In the small theater, we sat as far away from the college students as possible; all around us was the noise of students chattering in fake whispers. In this little room, it was even colder. Between Dee, so close beside me, and the frigid temperature, I felt off-balance, disconnected from some part of myself. Dee reached over and took my hand. She whispered in my ear, “It’s freezing in here. At least your hand is warm.”

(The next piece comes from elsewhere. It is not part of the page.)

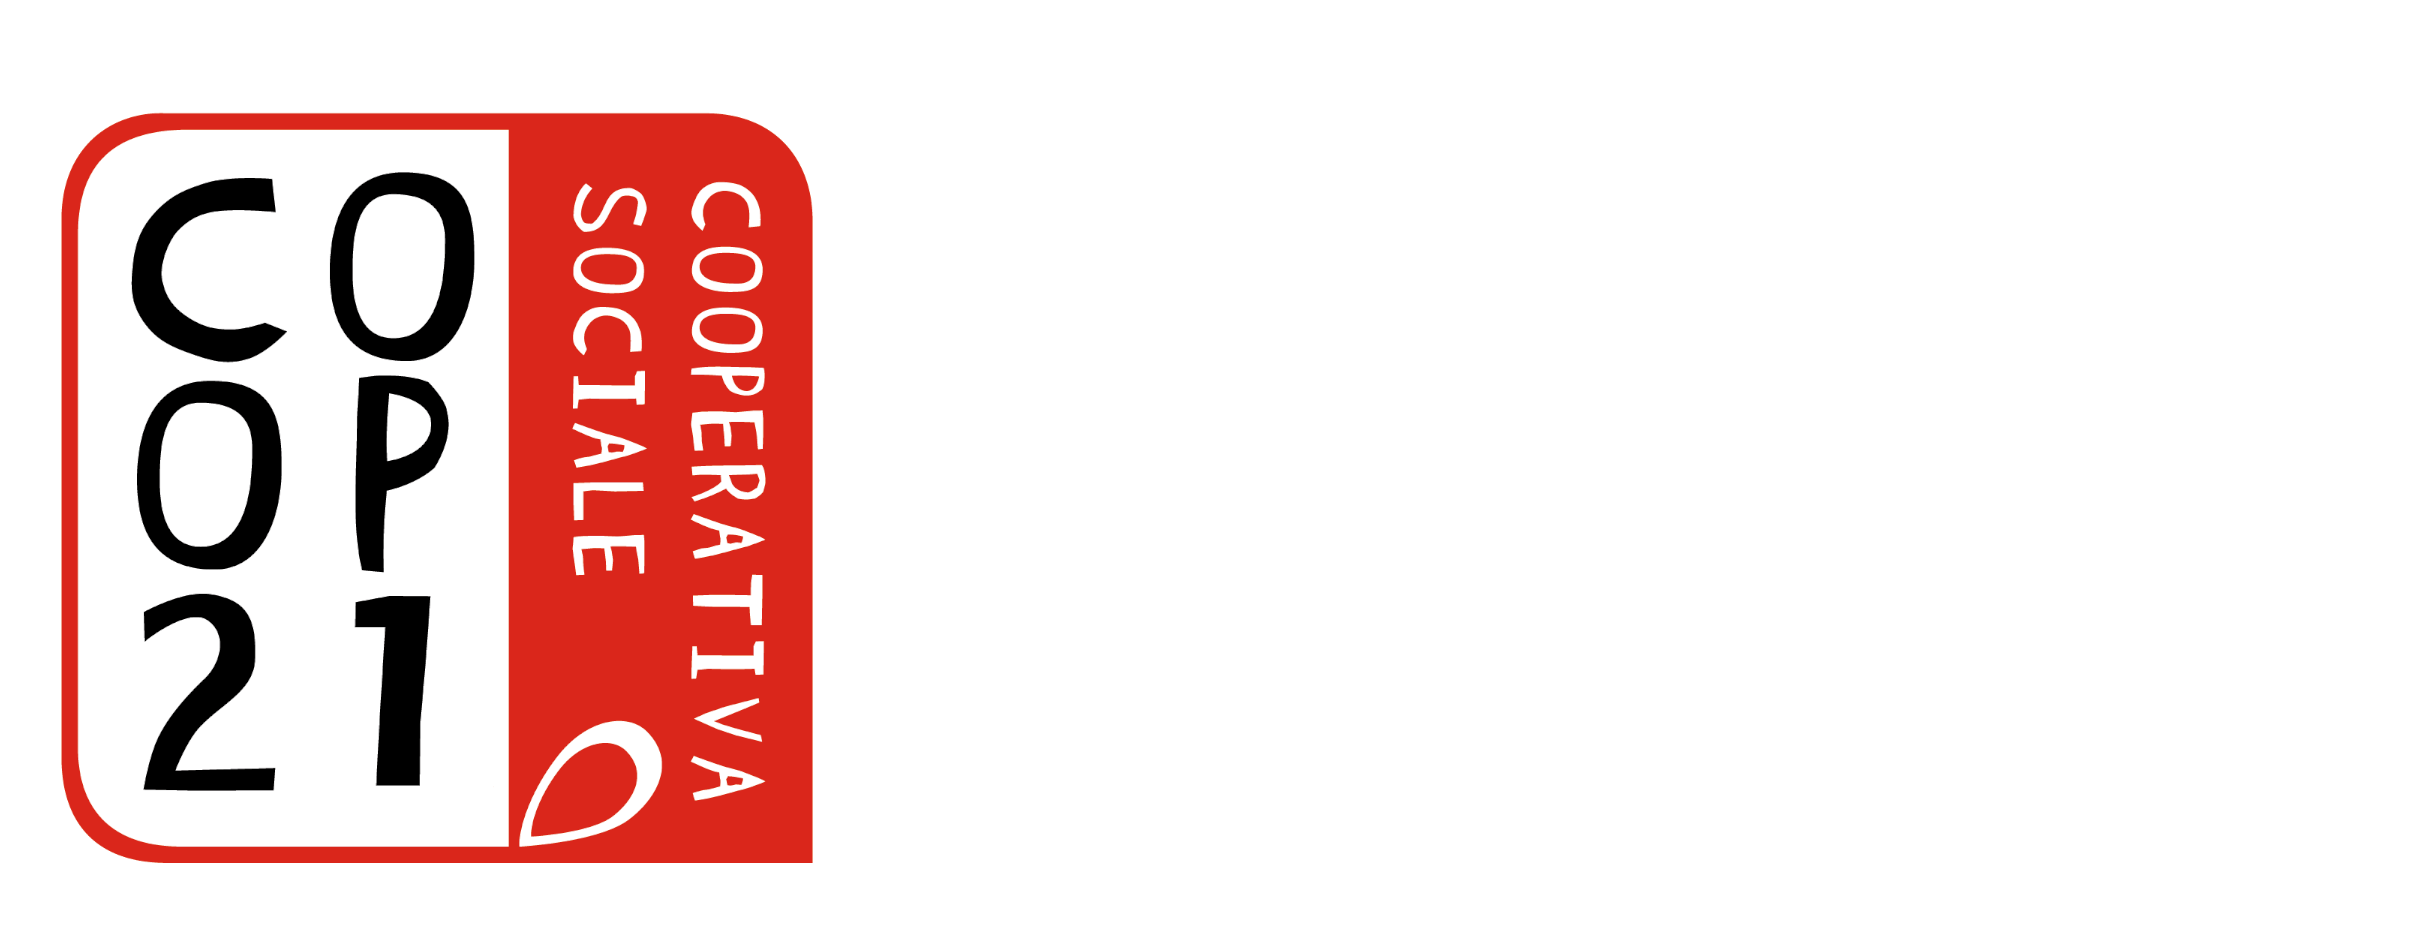 Coop21 Cooperativa Sociale

I leaned my head toward her and whispered back, “The ensemble is comprised entirely of penguins. I read in the program that they refuse to play unless the temperature is below fifty degrees Fahrenheit. If it’s any higher, they begin to sweat and their flippers lose traction on the strings of the instruments.”
Dee laughed and then slapped her other hand over her mouth, guiltily. “James,” she hissed furiously, “you’re going to make Thieves yell at me. She can be awful.”
I held her hand tightly, warming her fingers with mine. “She’s probably menopausal. Don’t take it personally.”
“I wouldn’t be surprised. What is taking so friggin’ long?” Dee craned her neck around as if there would be a clue to the delay in the darkness around us. “Seriously, we’ll all freeze to death before they even start. Maybe you’re right about the penguins. It probably takes a long time for them to warm up.” She snorted. “Oh, get it? Warm up?”
“Truly you’re a comic genius.”
She slapped my arm, lightly, with the hand I wasn’t holding. “Shut up. I’m happy with you being the funny one.”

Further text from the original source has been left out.